Abdullah said what was needed was a change in
the mindset and attitude of civil servants to be
trustworthy and to resist the temptation of "easy
money".
His comments came just a couple of days after
a young couple on a date at the Kuala Lumpur City Center
park complained that they were issued a summons for
"indecent behavior" after they had refused to pay off
city council enforcement officers. The complaint alleged
that the couple were told the summons would involve
between RM300 and RM500 (US$79-$132) and the officers
then offered to help them settle it at a reduced rate
without issuing a summons.
Many Malaysians
reading this news report would not have been surprised,
to say the least. The incident sparked a torrent of
debate and discussion as to what should be done to wipe
out corruption in Malaysia.
It is understandable
why Abdullah is so keen to clean up Malaysia's act when
he assumes power. Competition among Southeast Asian
nations and China for foreign direct investment in the
region has become intense. As scarce funds flow to North
Asia, the need for reforms in countries like Malaysia
assumes greater urgency.
But many critics have
been quick to point out that by focusing on civil
servants, Abdullah risks missing the forest for the
woods. The biggest obstacle to improving transparency in
Malaysia and wiping out graft is the worrying extent to
which politics and business are intertwined. This close
nexus between politics and business inevitably results
in cronyism and political patronage.
No sooner
had Abdullah spoken than questions started being asked
about the involvement of his brother, Ibrahim, in a
consortium that would buy a Malaysia Airlines (MAS)
subsidiary in a favorable deal that was said to
guarantee returns over nine years. Ibrahim's company
reportedly has a 51 percent stake in the consortium.
The deal prompted an opposition parliamentarian
from Parti Islam SeMalaysia (PAS), Husam Musa, to write
to Abdullah asking whether the privatization deal would
lead to a loss for MAS and the nation. "If the
revenue-guarantee clause is true, then the contract is
no longer privatization but a profit guarantee by the
government to [the purchasing consortium], where family
ties exist between the main shareholder of the company
and the deputy prime minister," he was reported as
saying.
Abdullah's call for an end to corruption
has a parallel. Soon after Mahathir became premier in
1981, he unveiled the rallying cry for his new
administration in April 1982: "Bersih, Cekap, dan
Amanah" (Clean, Efficient and Trustworthy). But by
July 1983, that policy was in tatters after investigator
Jalil Ibrahim was found dead - strangled and stuffed
into a large suitcase in Hong Kong.
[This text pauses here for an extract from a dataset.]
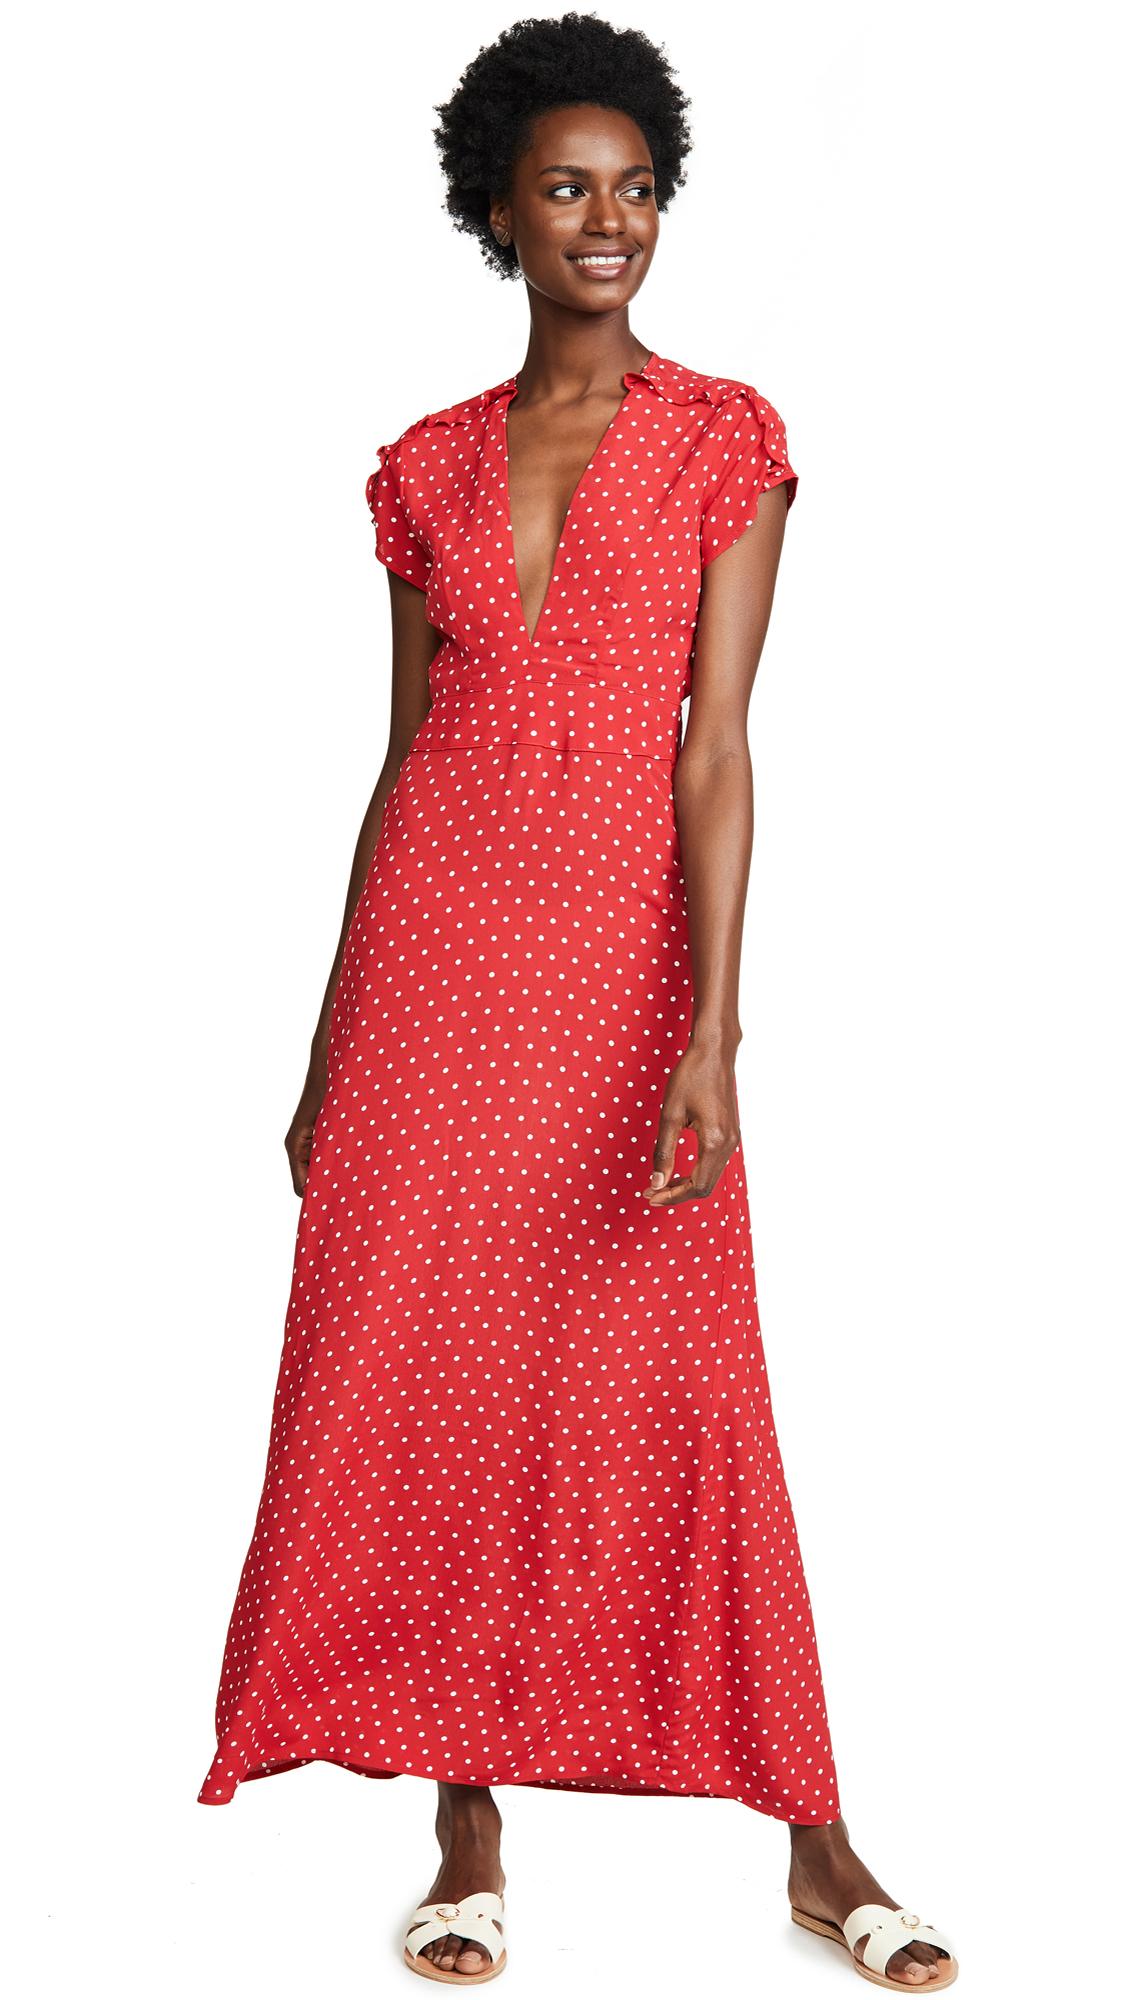 Flynn Skye Valentina Maxi Dress In Cherry Dots

Jalil had been sent
to Hong Kong to investigate massive losses in Bumiputra
Malaysia Finance, a subsidiary of state-owned Bank
Bumiputra.
From then on, scandal after financial
scandal plagued the Mahathir administration, the largest
and yet to be resolved involving spectacular unexplained
losses totaling RM10 billion at Perwaja Steel, a
government-backed heavy-industry project shrouded under
allegations of irregularities.
One of the
biggest stumbling blocks in the battle against
corruption is that the ACA is hardly independent,
reporting as it does to the Prime Minister's Department.
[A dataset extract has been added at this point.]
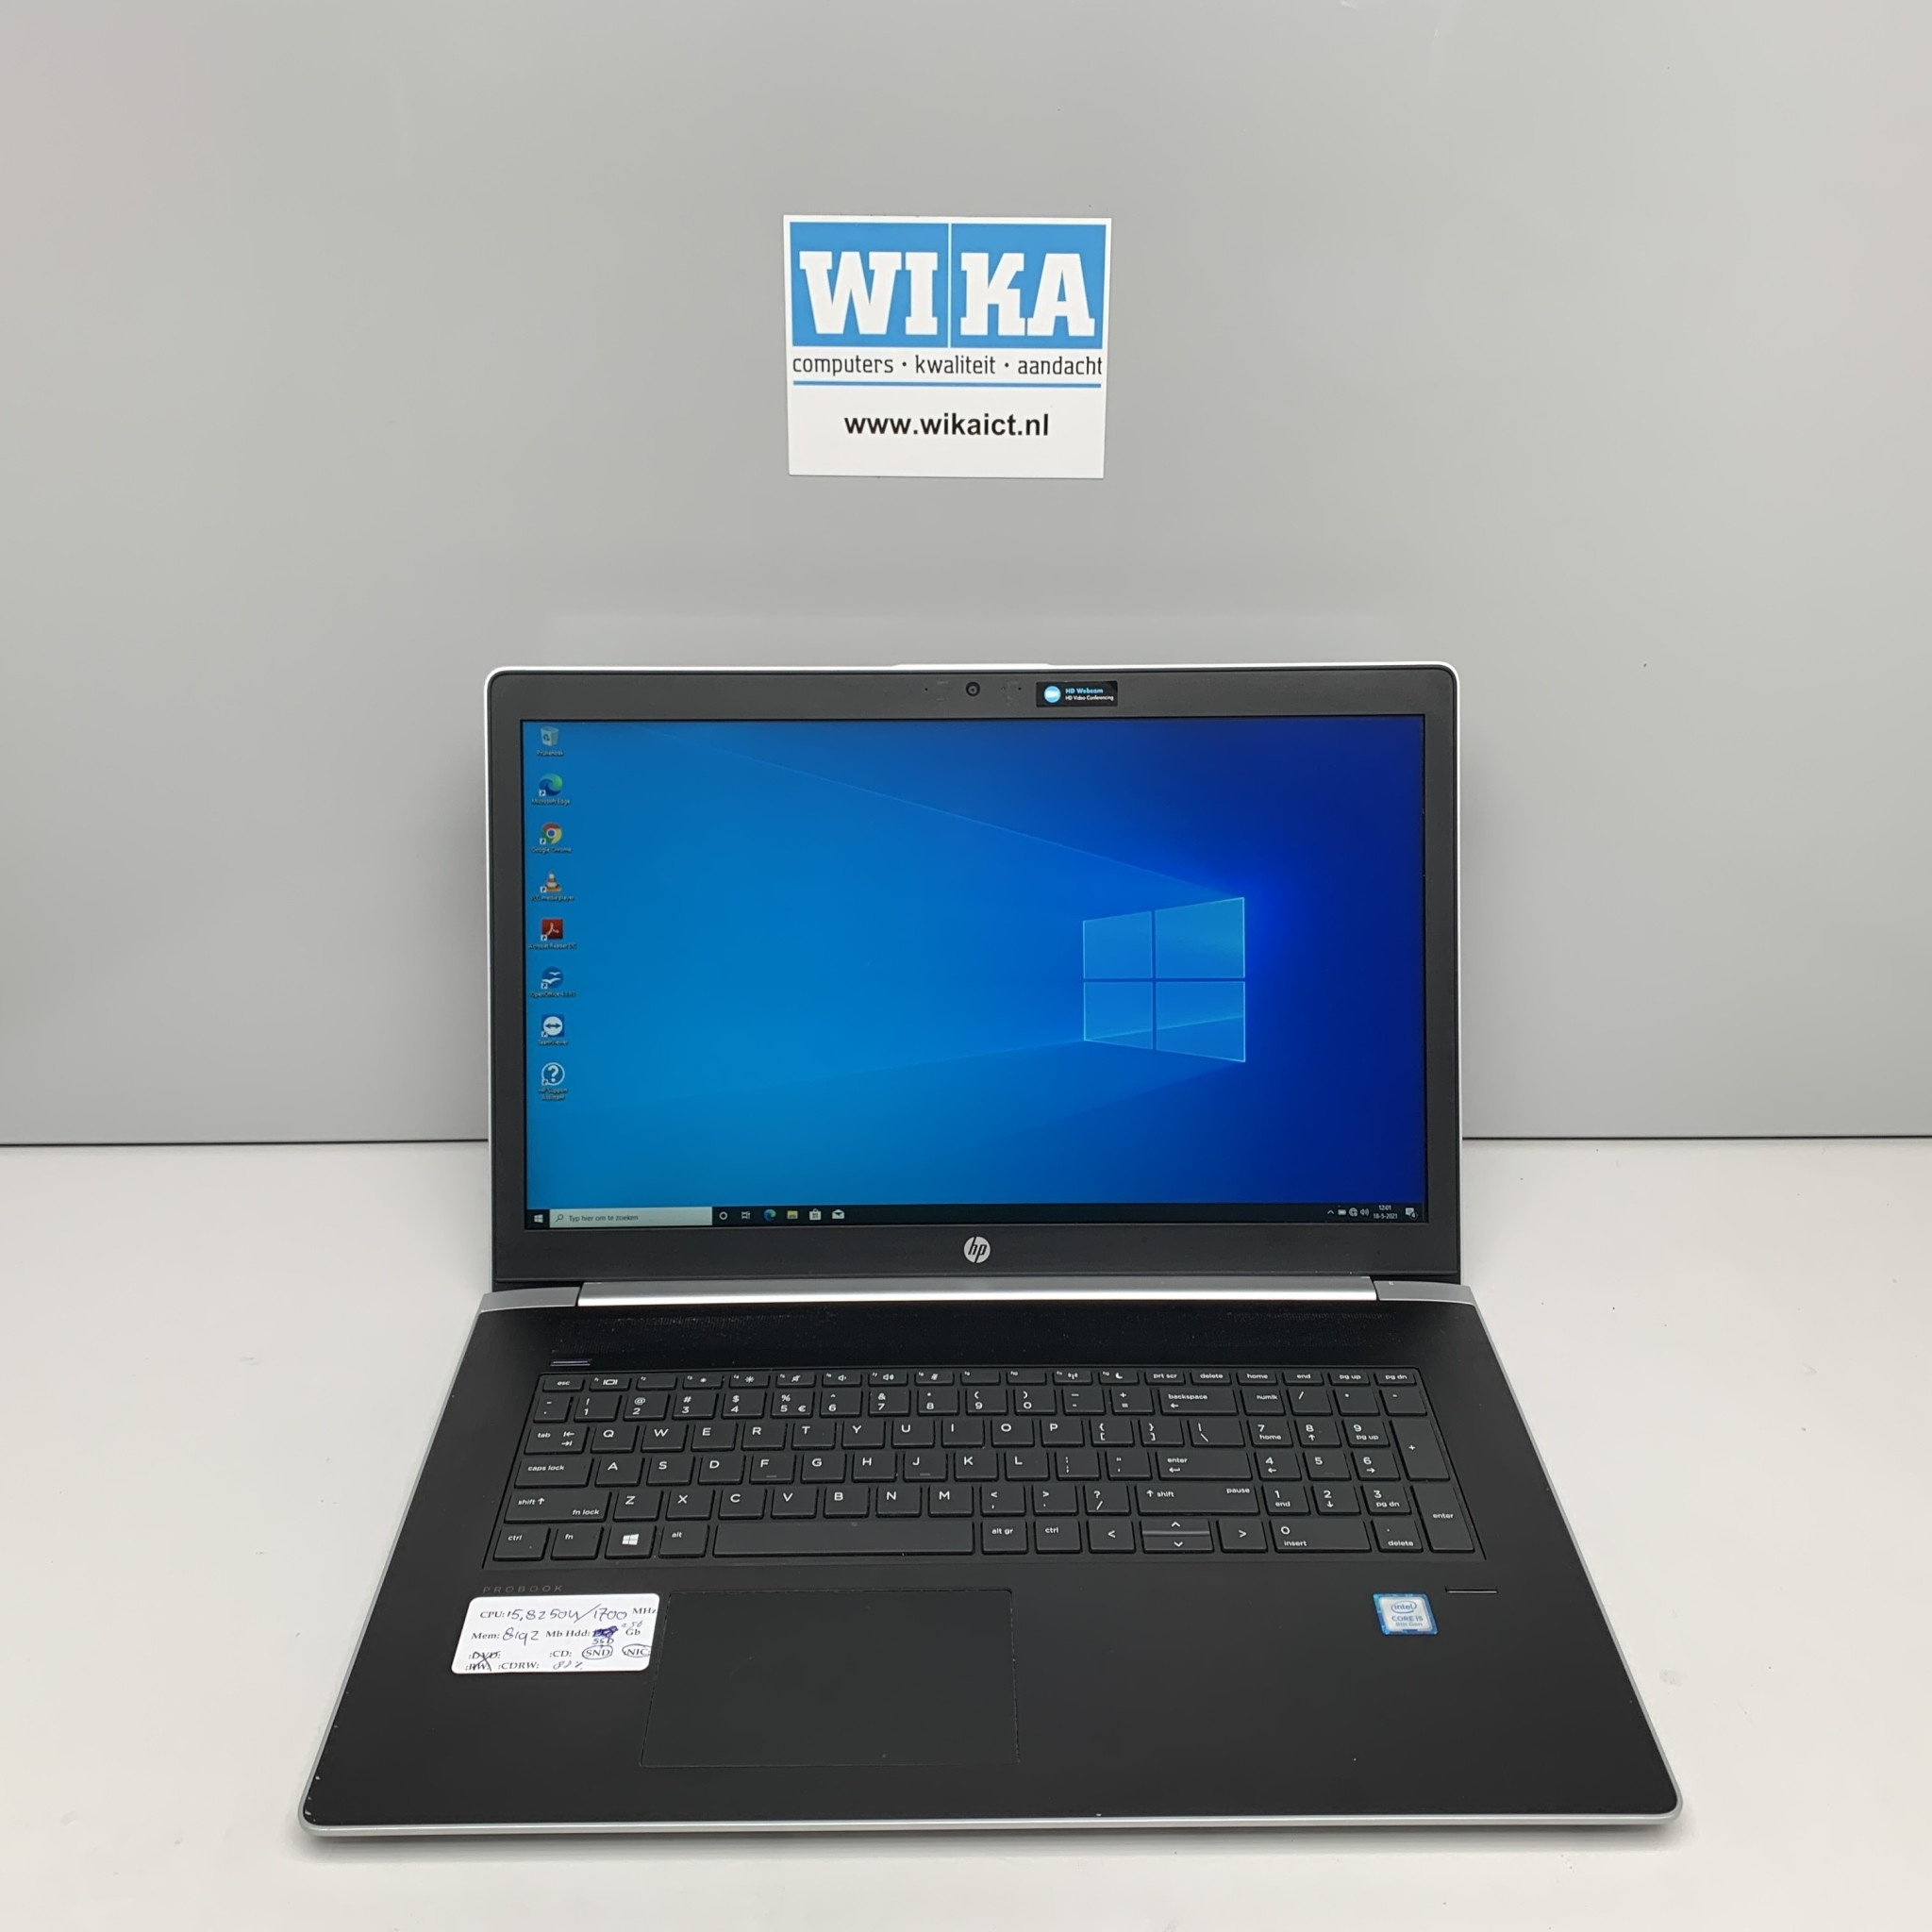 HP Probook 470 G5 I5-8250U 1.6Ghz 8Gb 256Gb SSD 17.3 inch  W10p laptop

This major structural flaw makes in almost impossible
for the agency to investigate high-level corruption
involving ministers and senior officials without
clearance from the very top. Where such cases are
actually investigated, the probe can take years to be
completed, often with a finding of insufficient
evidence. Many have called for the ACA to be converted
into an independent commission against corruption,
accountable to an independent authority.
It doesn't
help that the ruling-coalition parties have extensive
business interests either directly or via proxies.
Political patronage and privatization have been abused
to consolidate politically linked businesspeople and
firms. What's more, affirmative-action policies favoring
the economically disadvantaged Malays and other
indigenous groups have been abused to assist
well-connected officials, ministers and businesspeople.
This would include the lack of open tenders for
infrastructure projects and the special allocation of
shares and licenses to those who are not exactly
disadvantaged.
Critics have pointed out that the
battle against corruption should start from the top
through "leadership by example" - another Mahathir
administration slogan that failed to inspire. Unless
Abdullah has the political will to tackle the structural
and deeply rooted systemic problem of graft, few critics
expect his campaign against corruption to amount to
much.
(Copyright 2003 Asia Times Online Co, Ltd.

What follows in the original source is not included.